None of the three addresses heterogeneous failure semantics across agent boundaries. When an agent returns an error, what does it mean? Did the model get it wrong? Was the context stale? Did the plan ask for something impossible? Did a downstream tool return a transient error? These require different recovery strategies: re-route, re-plan, escalate, retry. All three frameworks collapse them into a single failure signal and respond uniformly.
The missing primitive is structured failure taxonomy with routing-by-cause - a classification layer that parses failure mode from the agent’s output and dispatches to a handler specific to that class. This requires a typed failure schema each agent conforms to. None of the three defines such a schema, so recovery decisions are made on unstructured signals that are frequently misinterpreted.

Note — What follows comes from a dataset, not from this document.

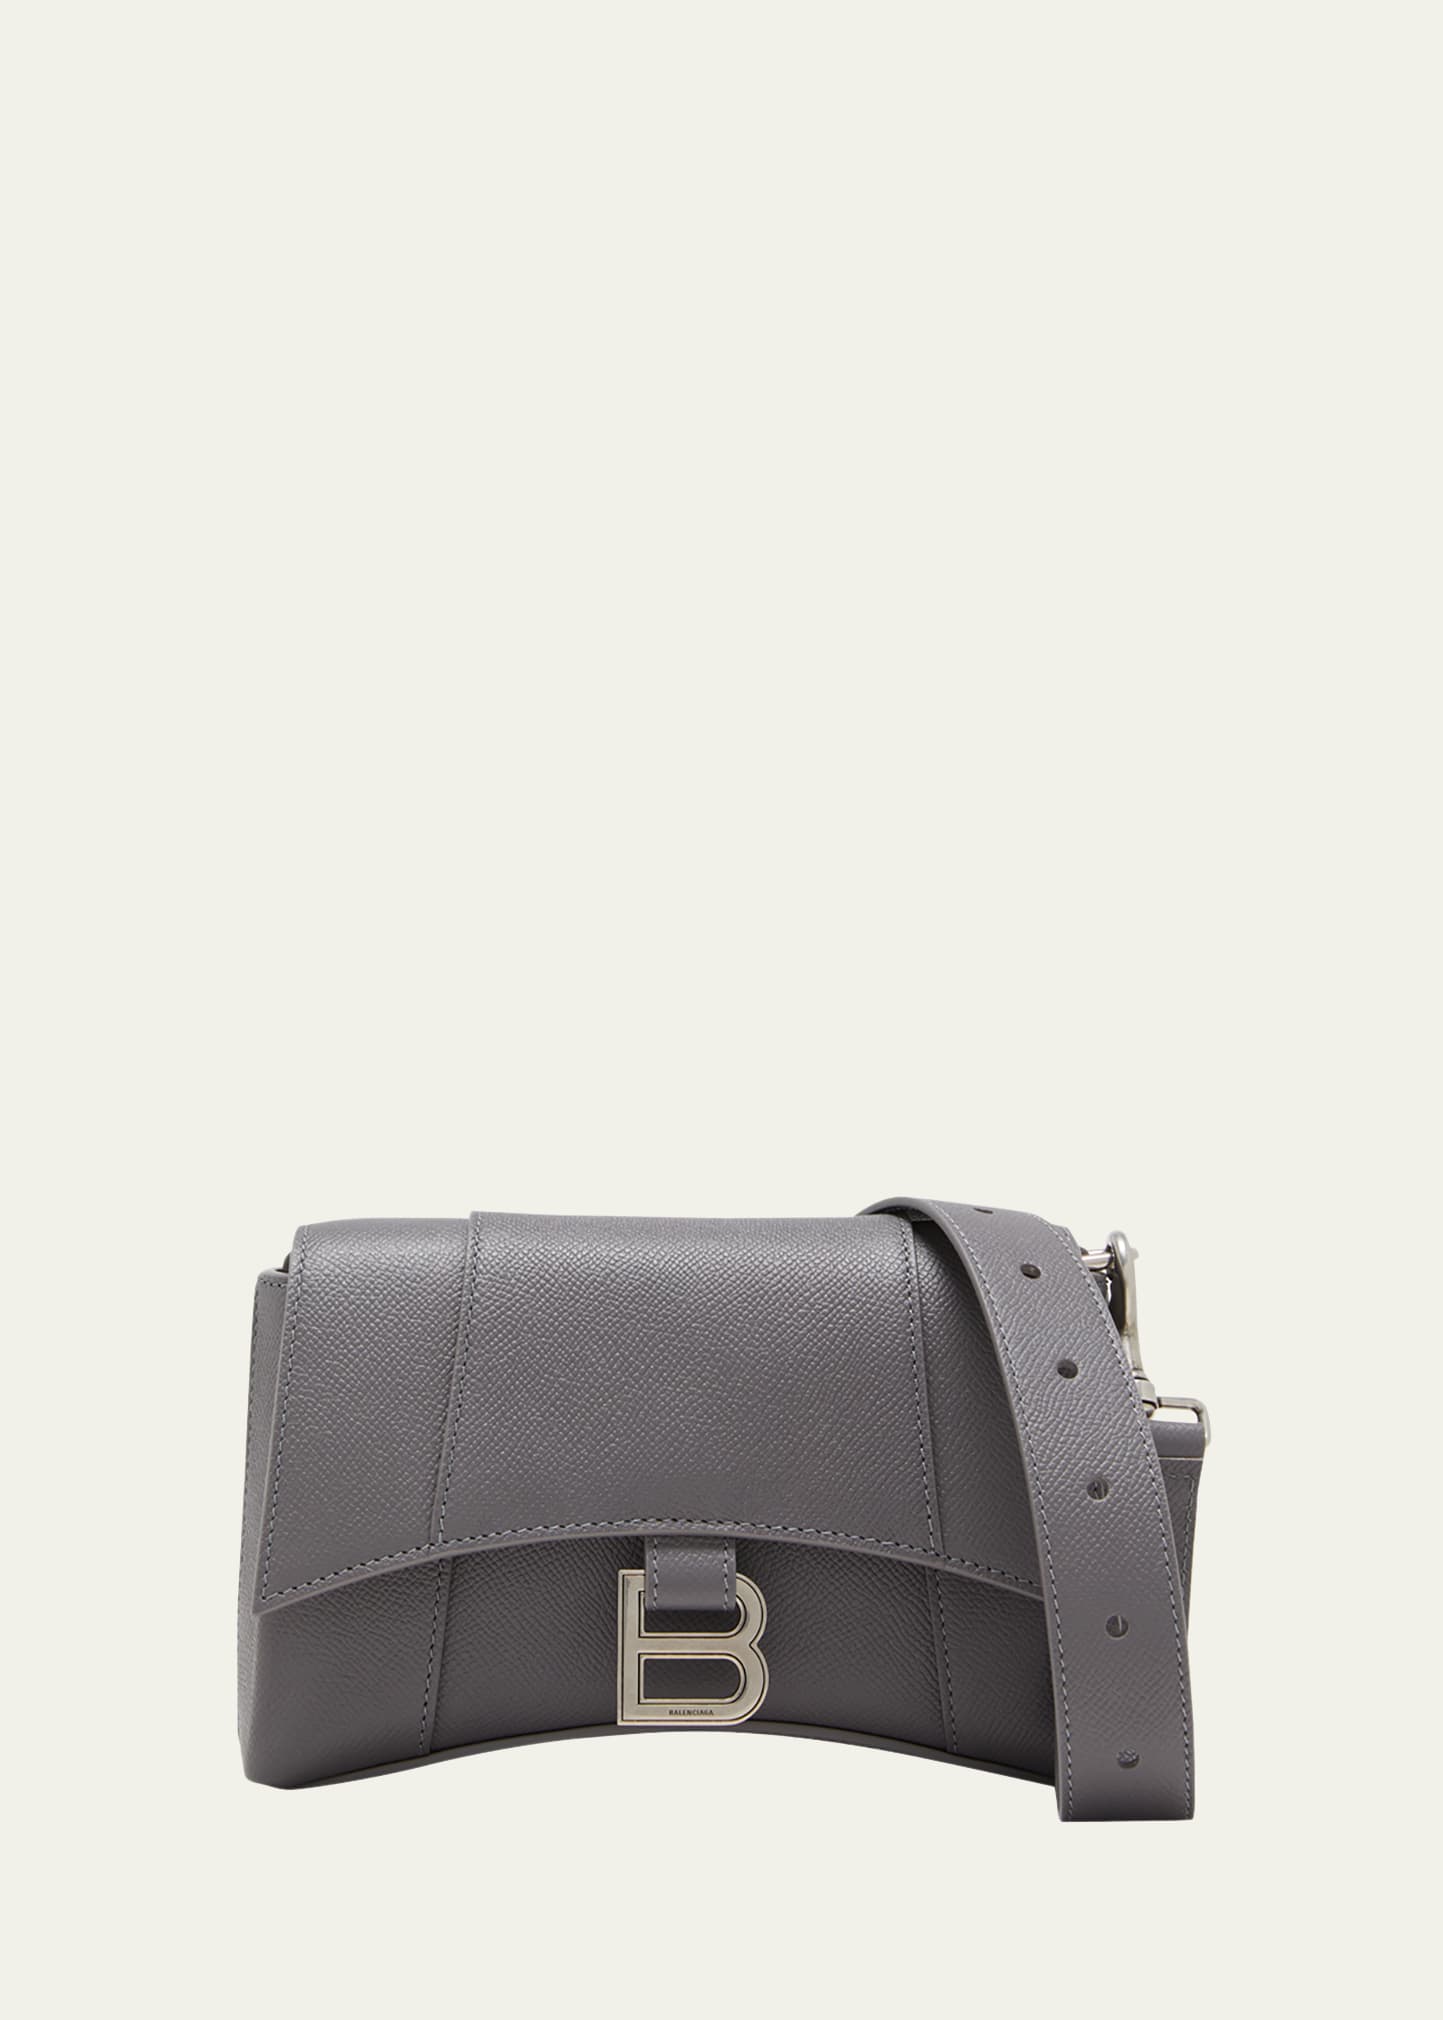 Balenciaga Men's Downtown B-logo Leather Crossbody Bag In Dark Grey

Until failure semantics are structured and routable, orchestration frameworks will continue to recover correctly from easy failures and catastrophically from hard ones.
Citations
- ruflo source code: https://github.com/ruvnet/ruflo (MIT)
- KARIMO source code: https://github.com/opensesh/KARIMO (Apache-2.0)
- llm-council source code: https://github.com/karpathy/llm-council (MIT)
- Borda, J.-C. (1781). Mémoire sur les élections au scrutin. Histoire de l’Académie Royale des Sciences. (Original formulation of Borda count aggregation.)
- Crandall, J. W., & Goodrich, M. A. (2005). Learning to compete, compromise, and cooperate in repeated general-sum games. ICML 2005. (Background on multi-agent trust and COIN-style behavioral adaptation.)
- Stiennon, N. et al. (2020). Learning to summarize from human feedback. NeurIPS 2020. (Documents self-preference bias in model evaluation, motivating anonymization approaches.)